__Task inputs__:
----

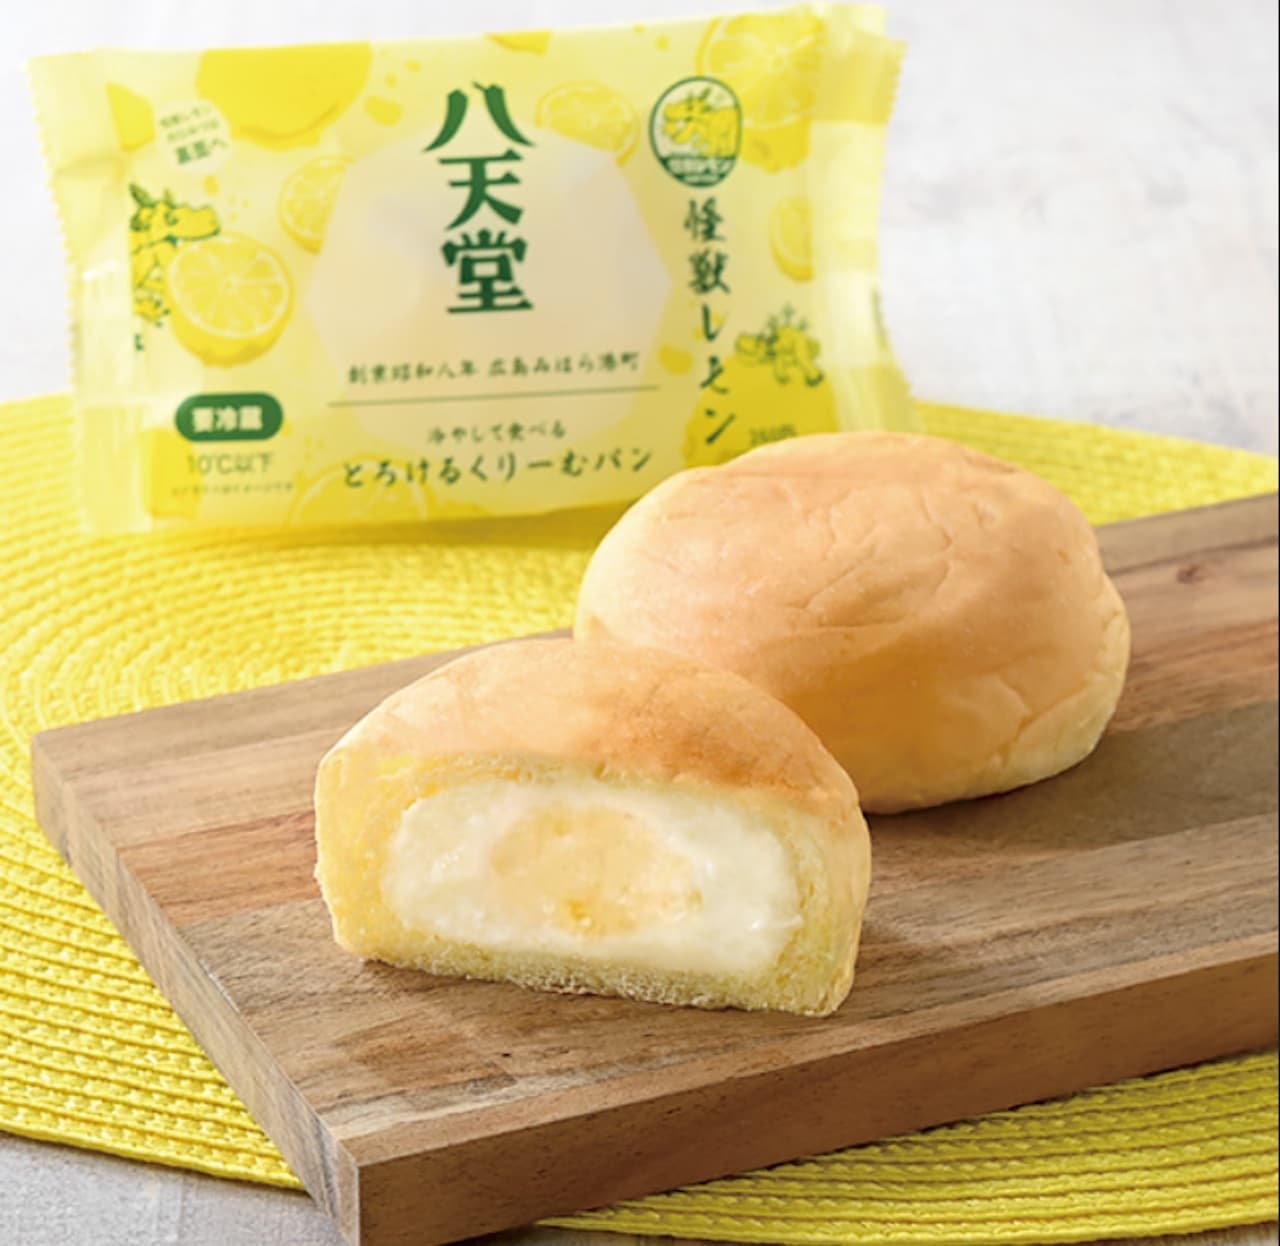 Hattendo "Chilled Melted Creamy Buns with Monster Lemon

----

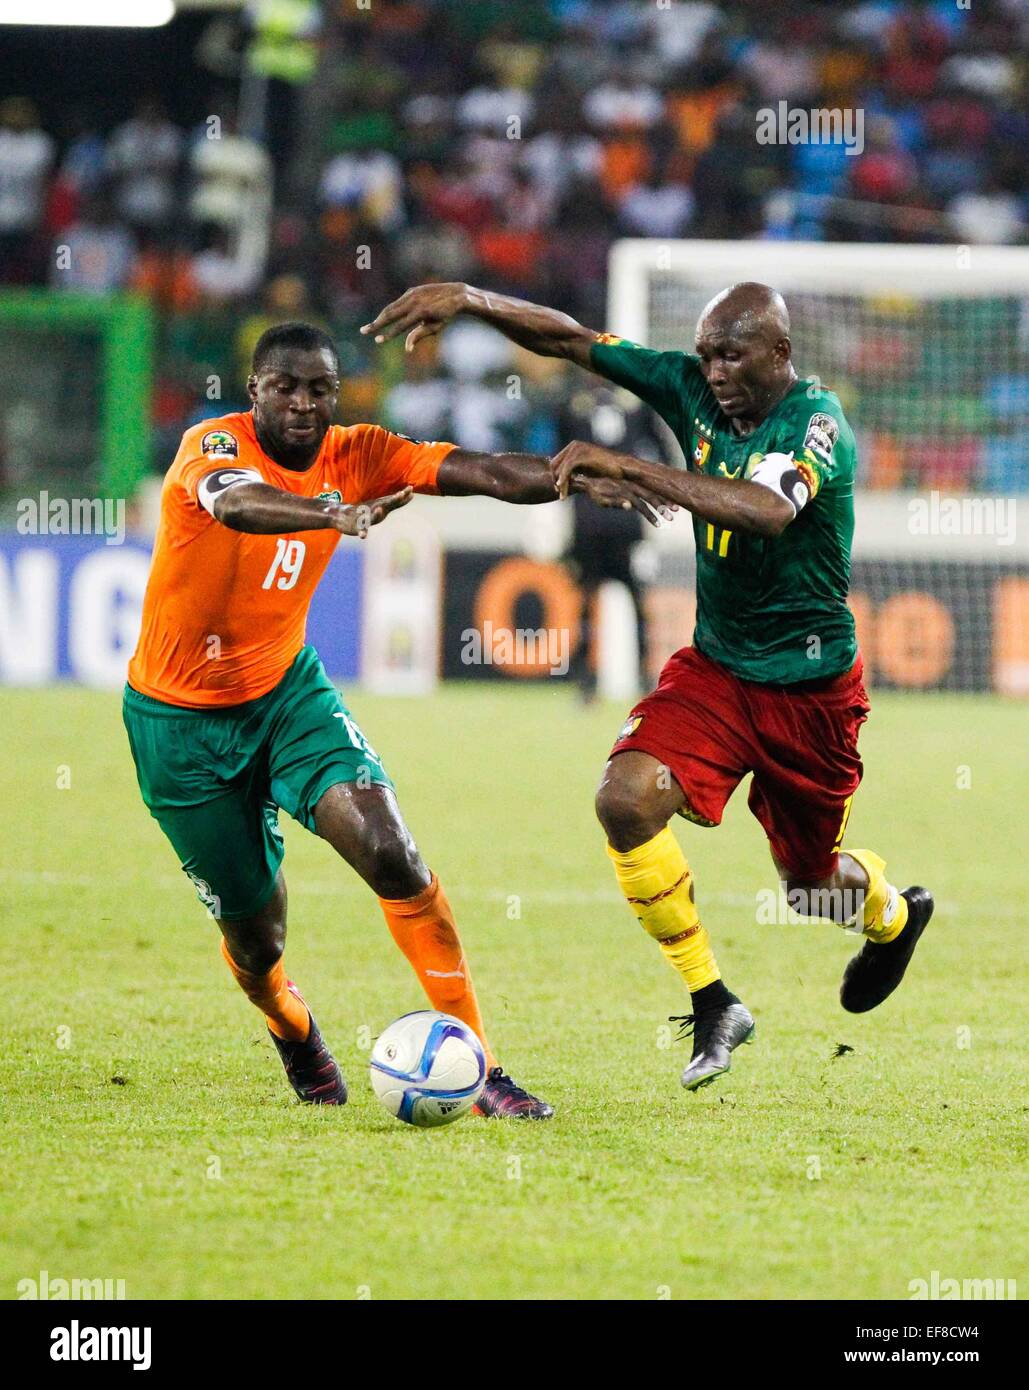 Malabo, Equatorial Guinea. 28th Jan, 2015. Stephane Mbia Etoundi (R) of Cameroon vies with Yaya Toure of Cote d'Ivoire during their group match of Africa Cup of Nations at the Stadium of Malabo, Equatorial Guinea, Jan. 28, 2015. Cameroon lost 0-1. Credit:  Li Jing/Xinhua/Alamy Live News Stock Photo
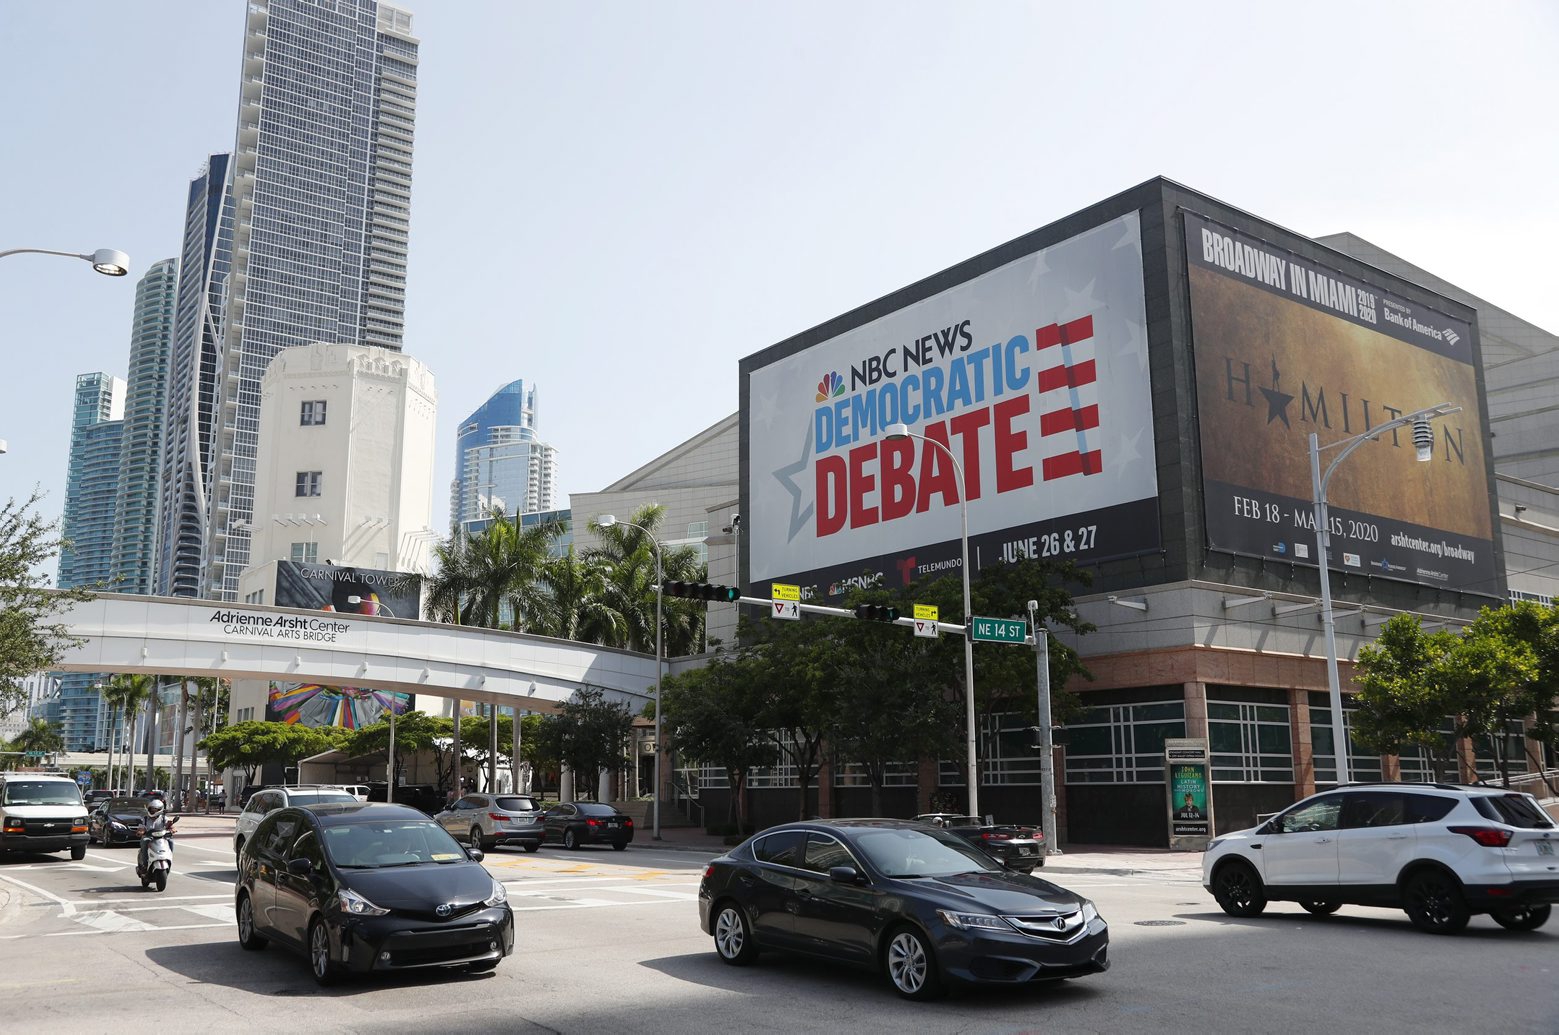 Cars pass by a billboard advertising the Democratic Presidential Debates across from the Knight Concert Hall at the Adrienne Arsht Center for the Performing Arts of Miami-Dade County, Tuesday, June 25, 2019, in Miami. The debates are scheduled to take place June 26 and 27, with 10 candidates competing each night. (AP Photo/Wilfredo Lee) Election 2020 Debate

----

__Requirement__:
Among the entries above, find the line with "Malabo, Equatorial Guinea." and repeat exactly from there through the line with "Cars pass by", leaving out the pictures.

__Output for this exercise__:
 Malabo, Equatorial Guinea. 28th Jan, 2015. Stephane Mbia Etoundi (R) of Cameroon vies with Yaya Toure of Cote d'Ivoire during their group match of Africa Cup of Nations at the Stadium of Malabo, Equatorial Guinea, Jan. 28, 2015. Cameroon lost 0-1. Credit:  Li Jing/Xinhua/Alamy Live News Stock Photo
 Cars pass by a billboard advertising the Democratic Presidential Debates across from the Knight Concert Hall at the Adrienne Arsht Center for the Performing Arts of Miami-Dade County, Tuesday, June 25, 2019, in Miami. The debates are scheduled to take place June 26 and 27, with 10 candidates competing each night. (AP Photo/Wilfredo Lee) Election 2020 Debate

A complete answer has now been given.